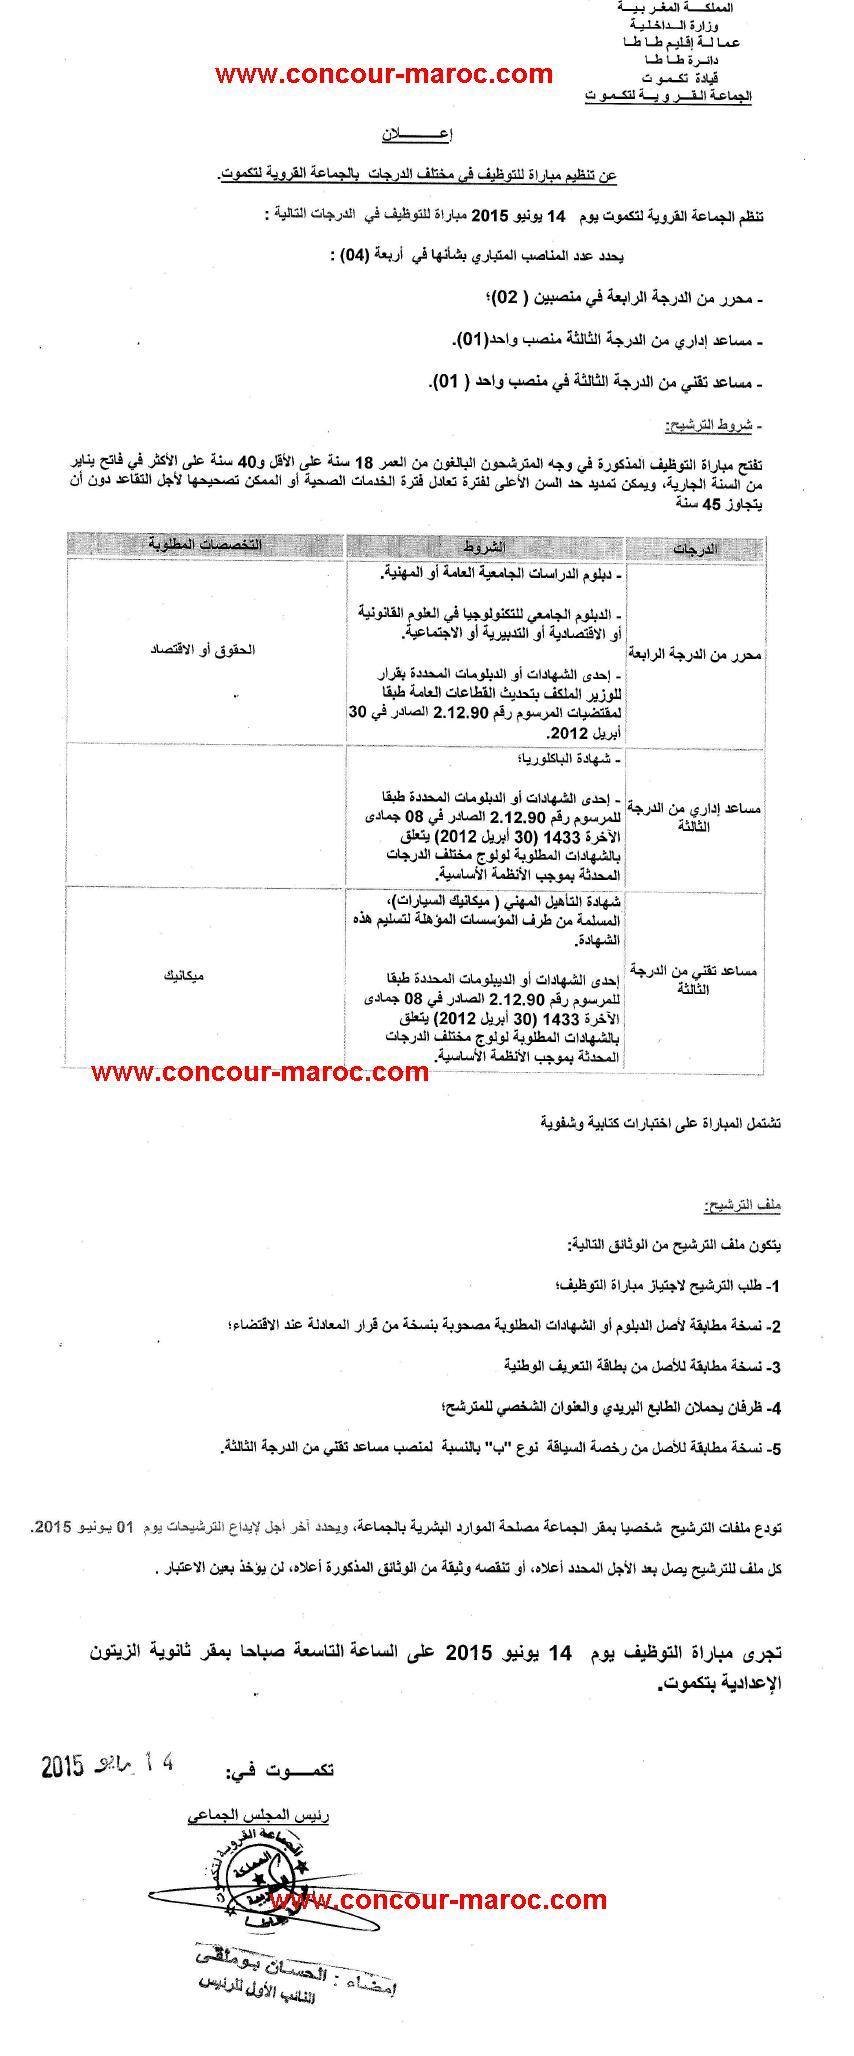 جماعة تكموت (إقليم طاطا) : مباراة لتوظيف محرر من الدرجة الرابعة (2 منصبان) و مساعد تقني من الدرجة الثالثة (1 منصب) و مساعد إداري من الدرجة الثالثة (1 منصب) آخر أجل لإيداع الترشيحات 1 يونيو 2015 Conco154
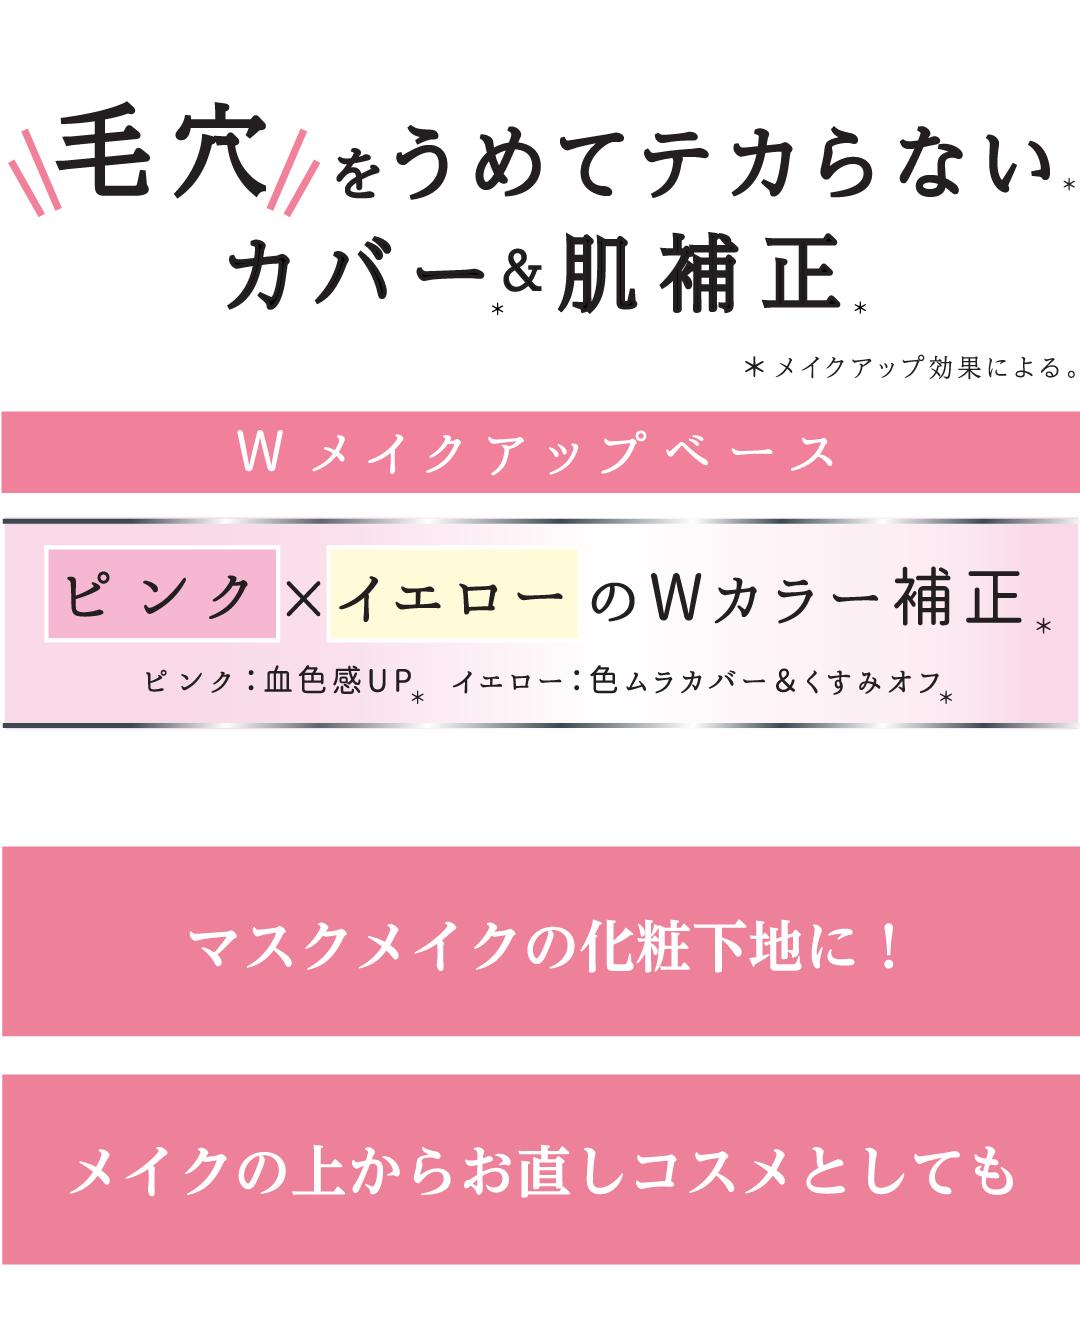 北尾化粧品部 オンラインストア インテンティオ INTENTIO ダブルメイクアップベース
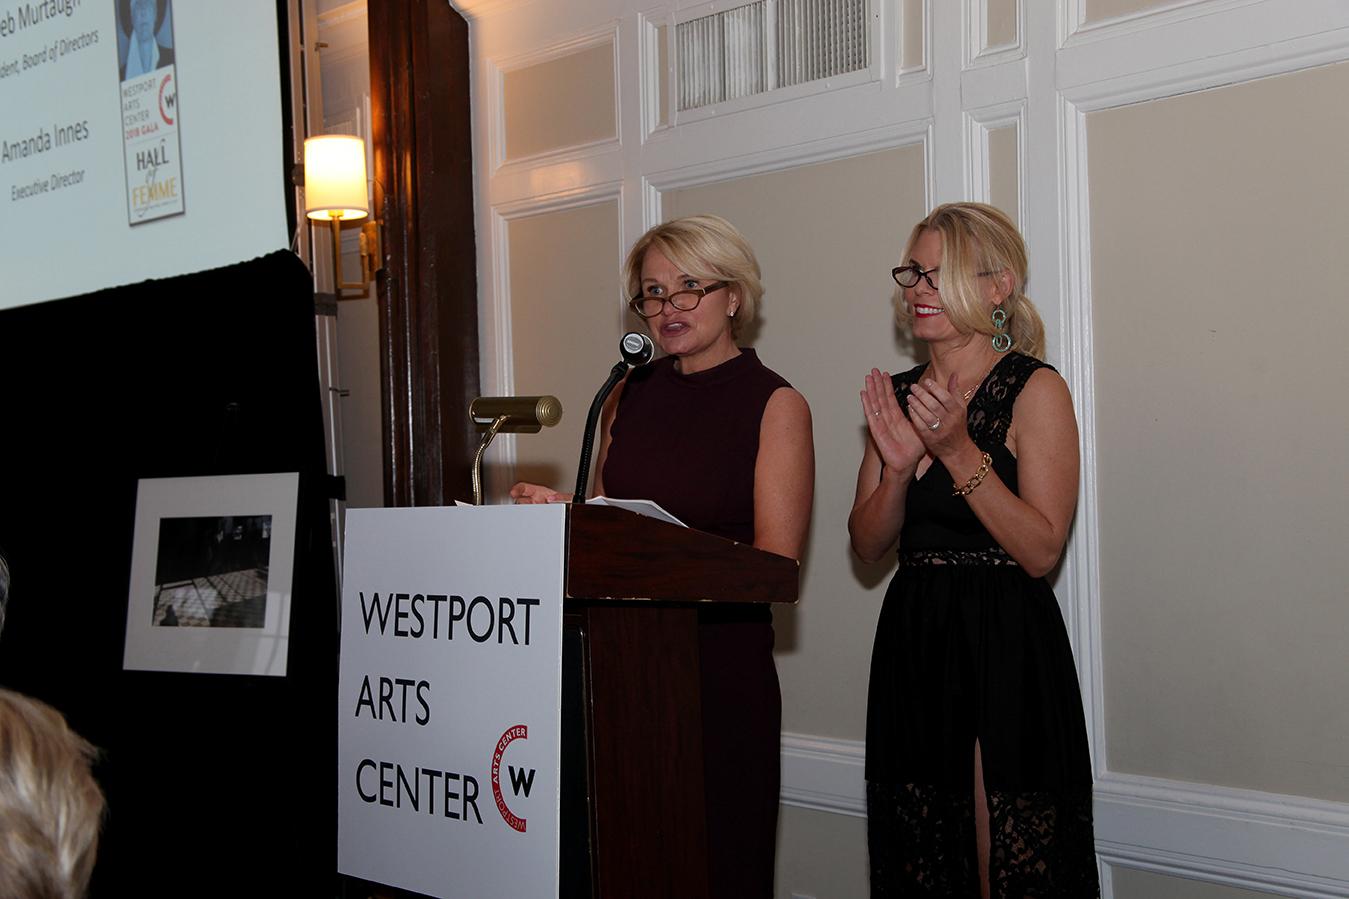 Speakers: Deb Murtaugh, Amanda Innes

WHAT IS BEING ASKED:
Take the data above and set it down exactly, images excluded.

SOLUTION FOR THIS TASK:
 جماعة تكموت (إقليم طاطا) : مباراة لتوظيف محرر من الدرجة الرابعة (2 منصبان) و مساعد تقني من الدرجة الثالثة (1 منصب) و مساعد إداري من الدرجة الثالثة (1 منصب) آخر أجل لإيداع الترشيحات 1 يونيو 2015 Conco154
 北尾化粧品部 オンラインストア インテンティオ INTENTIO ダブルメイクアップベース
 Speakers: Deb Murtaugh, Amanda Innes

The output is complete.